Ray 2.40 uses RLlib’s new API stack by default. The Ray team has mostly completed transitioning algorithms, example scripts, and documentation to the new code base.

If you’re still using the old API stack, see New API stack migration guide for details on how to migrate.

The following classes don’t take into account the separation of experiences from different policies, multi-agent replay buffers will be explained further below.

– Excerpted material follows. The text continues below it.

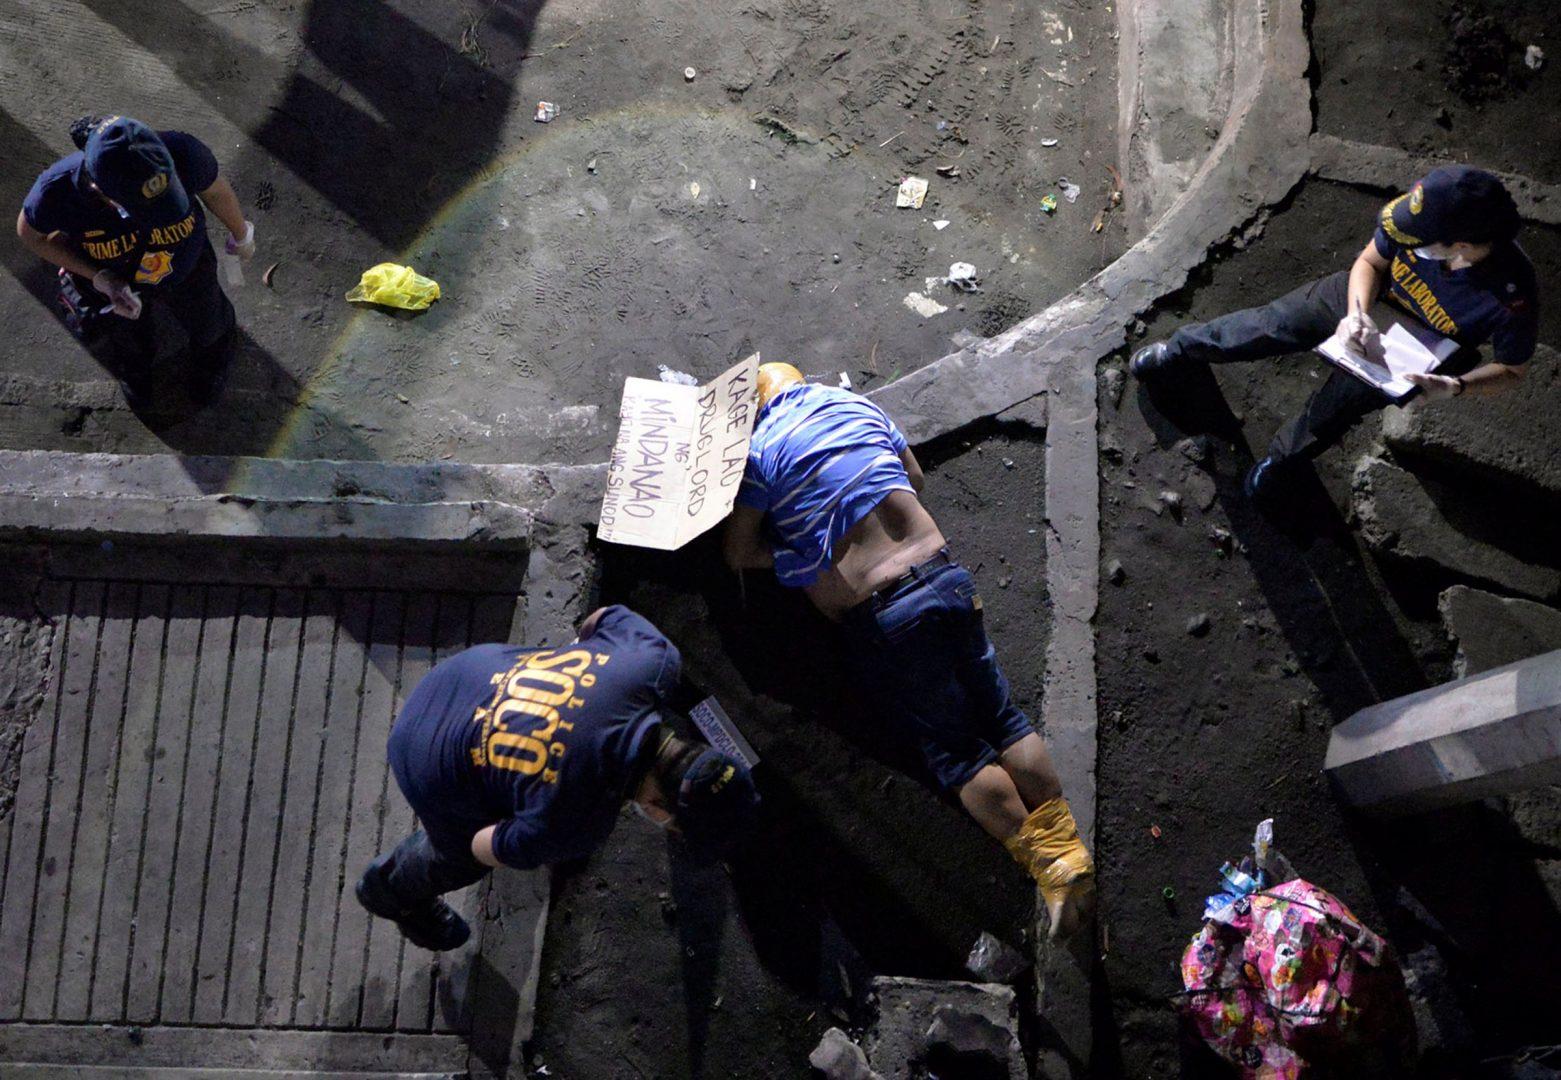 United States 'optimistic' over dip in Philippines extrajudicial deaths
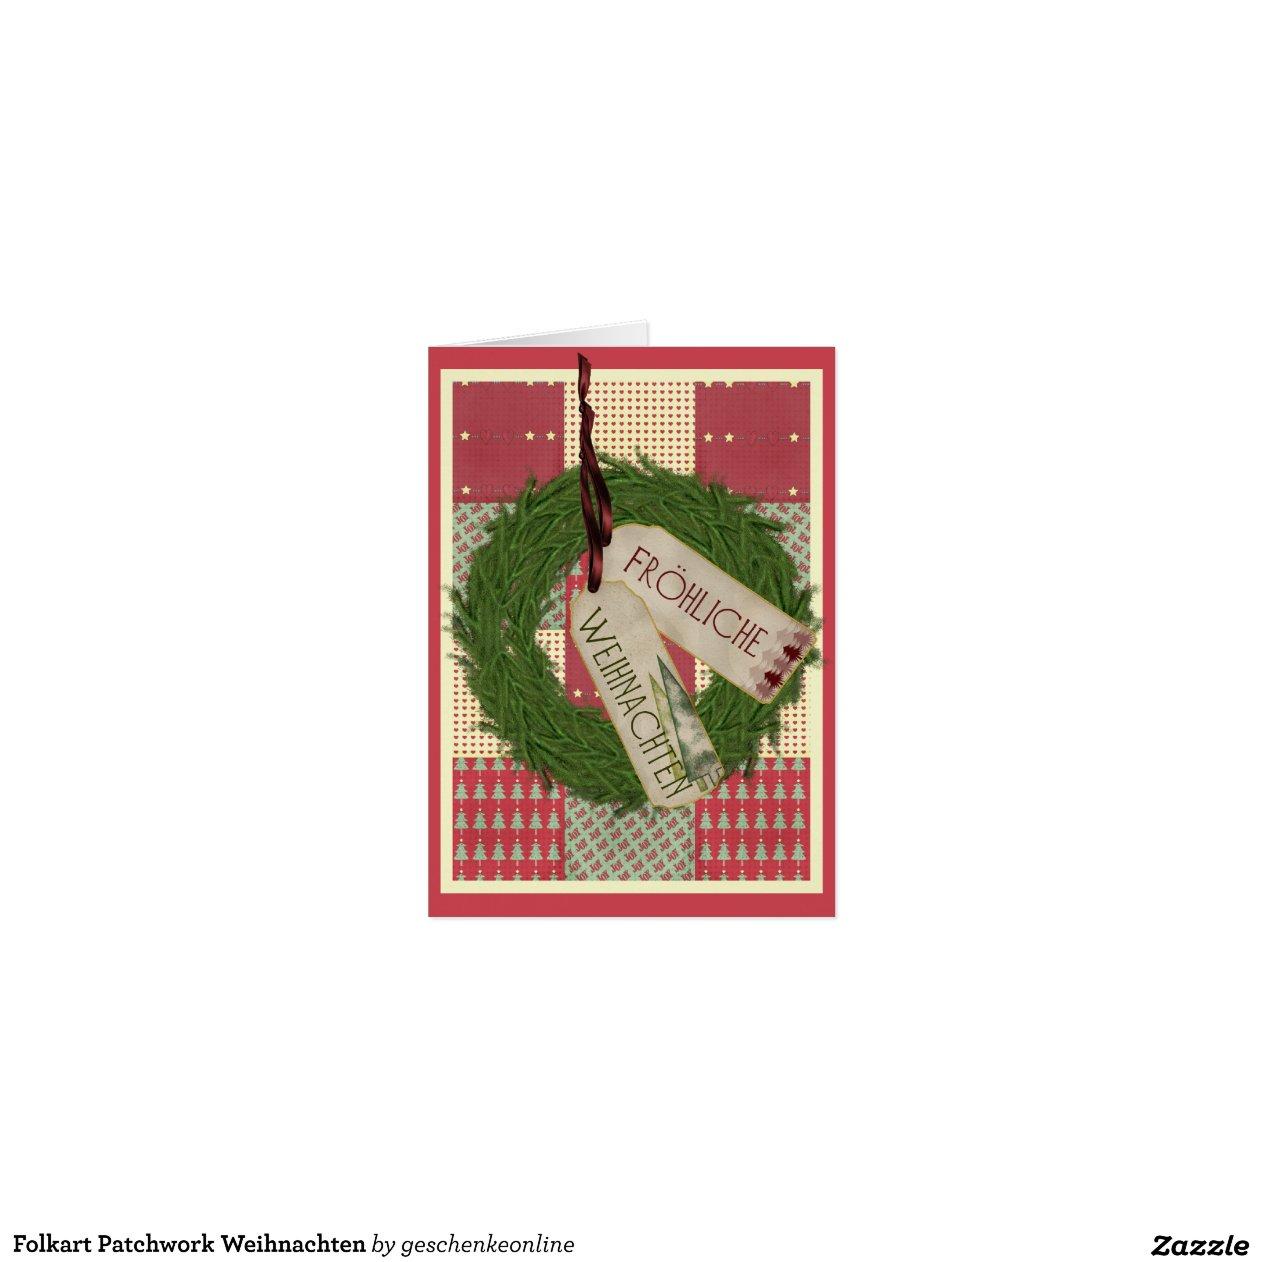 folkart patchwork weihnachten gru karte zazzle. Black Bedroom Furniture Sets. Home Design Ideas

Replay Buffer Base Classes#

StorageUnit

Specifies how batches are structured in a ReplayBuffer.

ReplayBuffer

The lowest-level replay buffer interface used by RLlib.

PrioritizedReplayBuffer

This buffer implements Prioritized Experience Replay.

ReservoirReplayBuffer

This buffer implements reservoir sampling.

Public Methods#

sample

Samples num_items items from this buffer.

add

Adds a batch of experiences or other data to this buffer.

get_state

Returns all local state in a dict.

set_state

Restores all local state to the provided state.

Multi Agent Buffers#

The following classes use the above, “single-agent”, buffers as underlying buffers to facilitate splitting up experiences between the different agents’ policies. In multi-agent RL, more than one agent exists in the environment and not all of these agents may utilize the same policy (mapping M agents to N policies, where M <= N). This leads to the need for MultiAgentReplayBuffers that store the experiences of different policies separately.

MultiAgentReplayBuffer

A replay buffer shard for multiagent setups.

MultiAgentPrioritizedReplayBuffer

A prioritized replay buffer shard for multiagent setups.

Utility Methods#

update_priorities_in_replay_buffer

Updates the priorities in a prioritized replay buffer, given training results.

sample_min_n_steps_from_buffer

Samples a minimum of n timesteps from a given replay buffer.